When you delete a row in a Lindorm wide table, the row is not immediately removed. Instead, a delete marker is created. The row is permanently deleted only after the system performs a COMPACTION operation. Before the data is permanently deleted, both the deleted data and the delete marker are read during queries and then filtered out. Therefore, a large number of delete operations increases the number of delete markers and degrades query performance. We recommend that you set a Time To Live (TTL) to have data expire automatically instead of deleting it directly. If your workload involves a large number of delete operations, you can shorten the COMPACTION period to quickly remove the deleted data and delete markers. For information about how to set the TTL and the COMPACTION period, see ALTER TABLE.

If a secondary index is used, when you update data in the primary table, the old data in the secondary index table is deleted and the new data is written. As a result, this process generates a large number of delete markers in the secondary index table. A high volume of updates to the primary table can degrade the query performance of the index table. You can shorten the COMPACTION operation cycle to reduce the impact of these delete markers.

Important

Shortening the COMPACTION operation cycle increases the system load. Configure this setting appropriately.

More information

  • LindormTable is built on the LSM-Tree storage architecture. If you are unfamiliar with features like multi-versioning, timestamps, and TTL, you may encounter unexpected results from write and query operations due to improper use. For help with such issues, see Common causes for unexpected query results.

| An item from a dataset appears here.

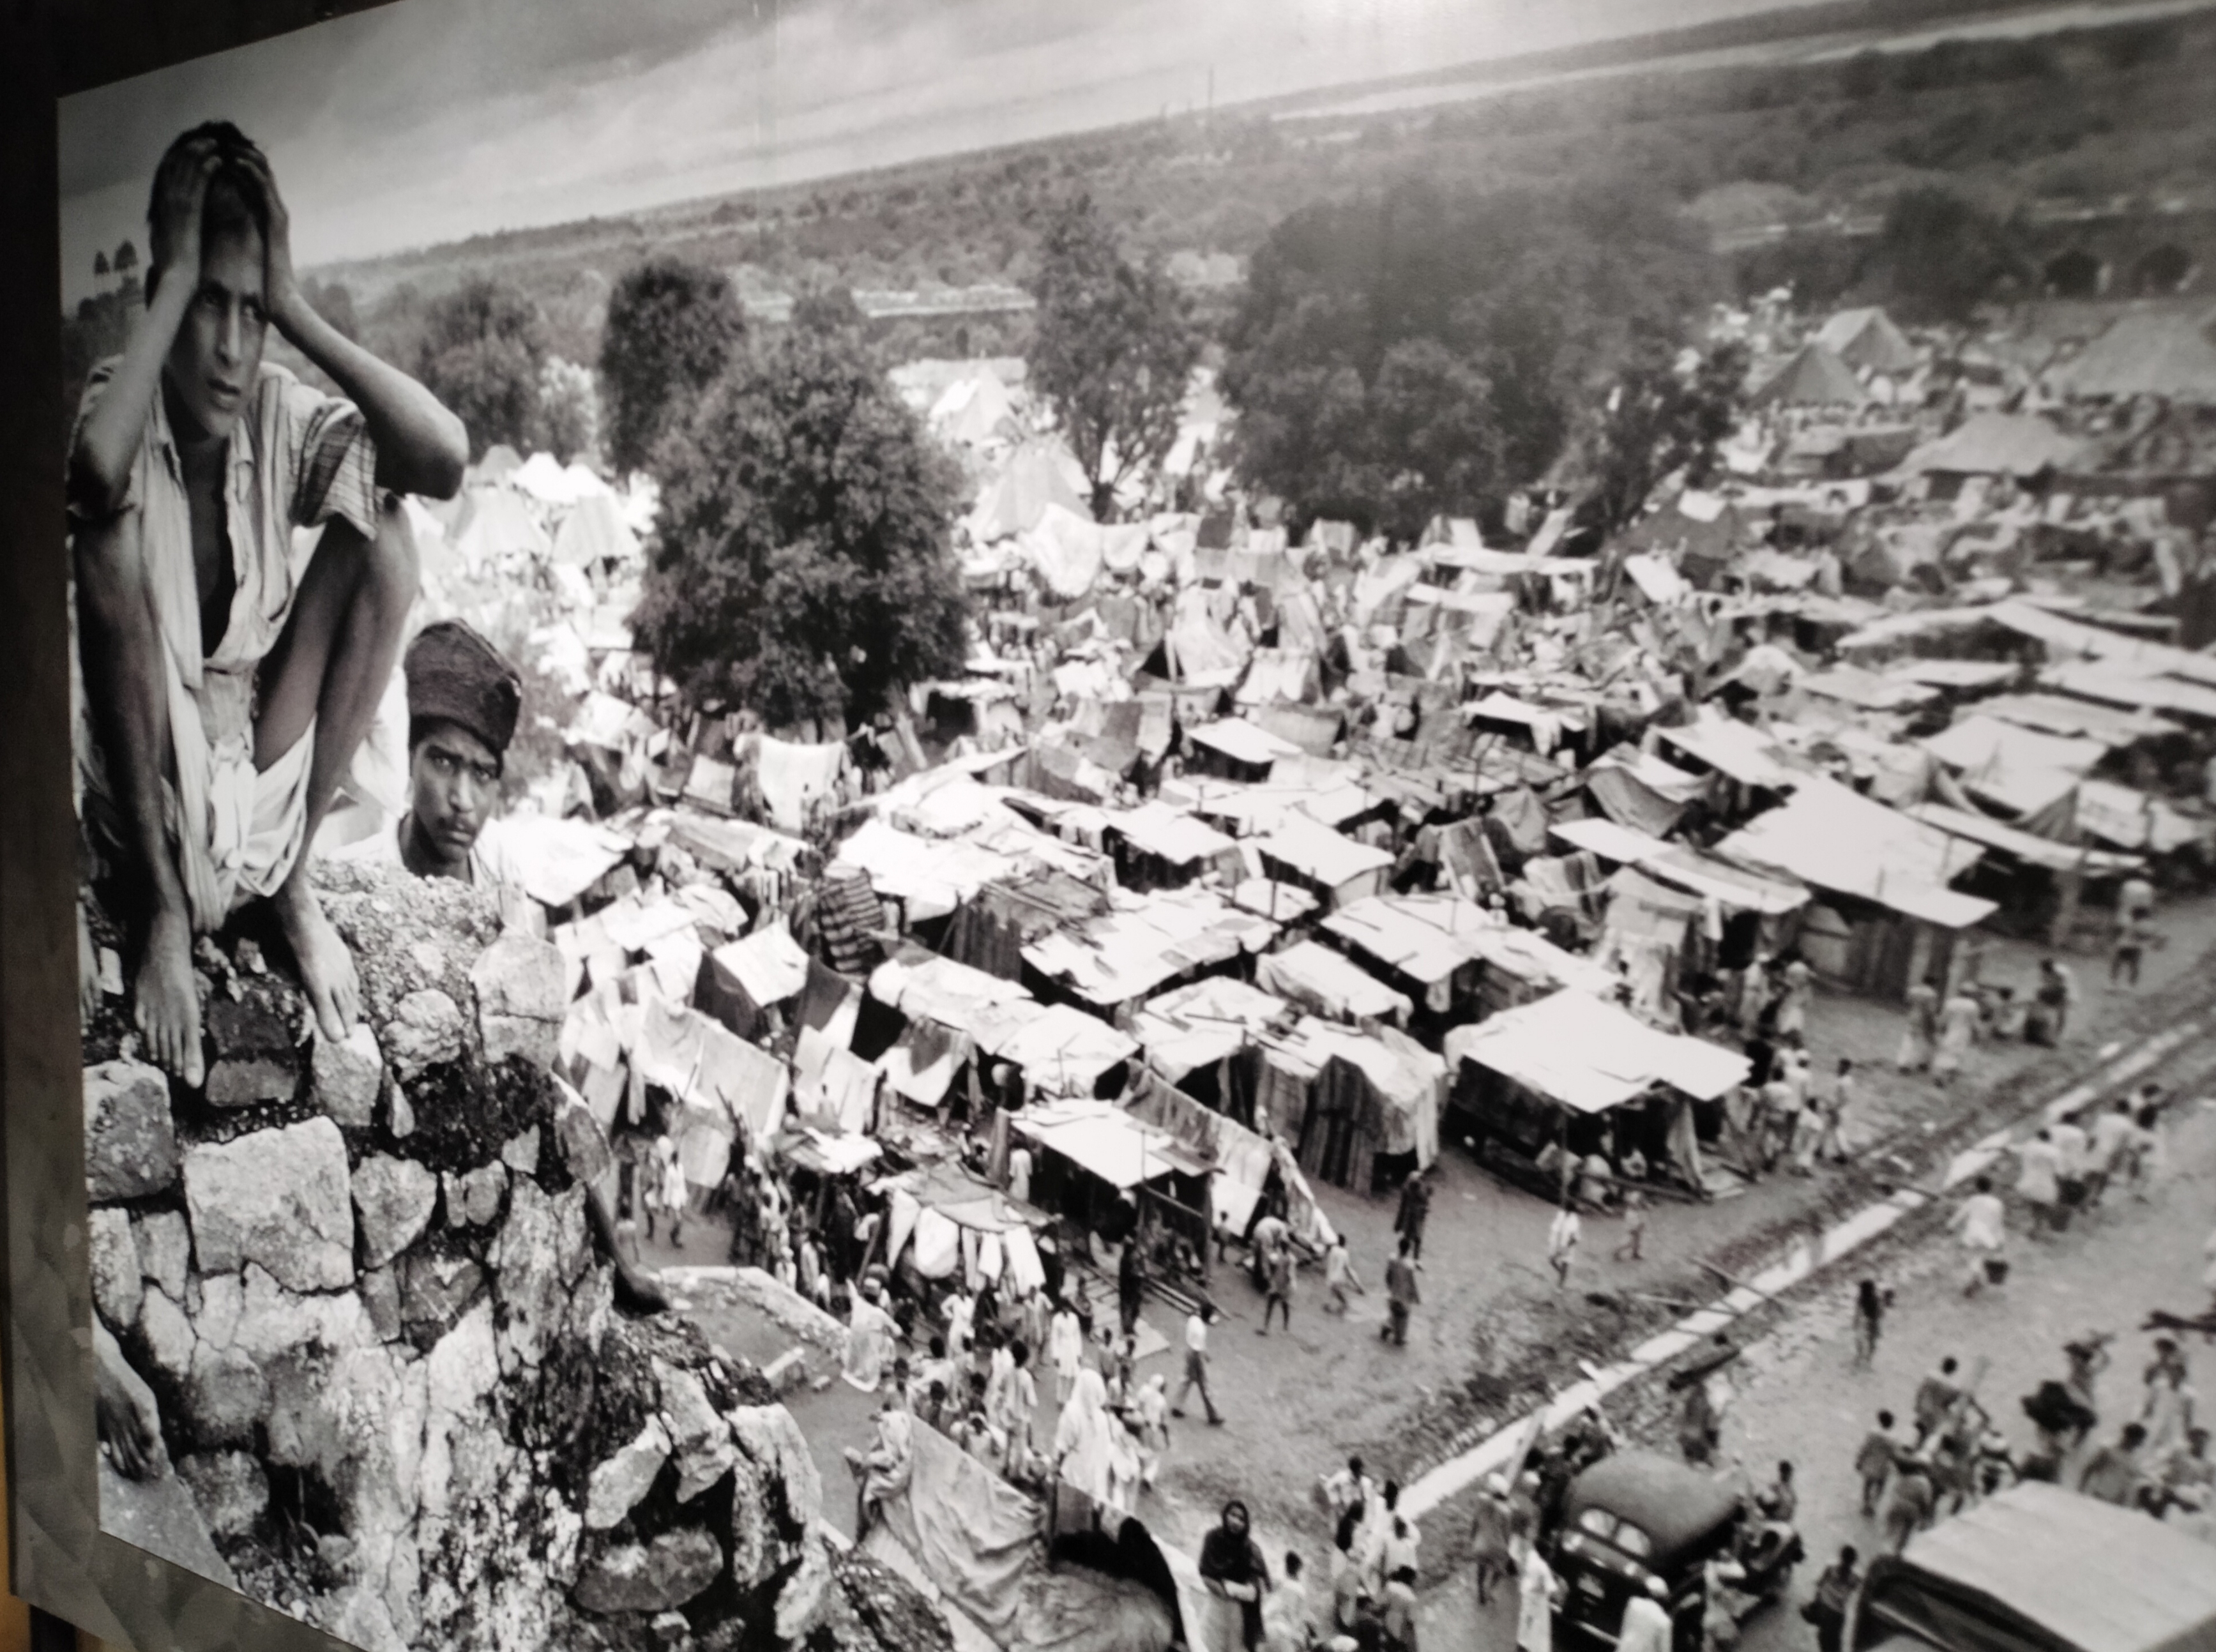 भारत के विभाजन के समय की एक तस्वीर

  • When using wide tables, continuously monitor your instance's CPU, network, and disk usage to prevent performance degradation from insufficient resources. Also, note the number of files on the node, region sizes, and any compaction backlogs to ensure they do not exceed Lindorm's limits, which can affect write and query performance. For information about Lindorm's limits, see Quotas and limits, and for key metrics to monitor, see Best practices for monitoring and alerting.

  • For other common errors and their solutions, see Lindorm SQL FAQ.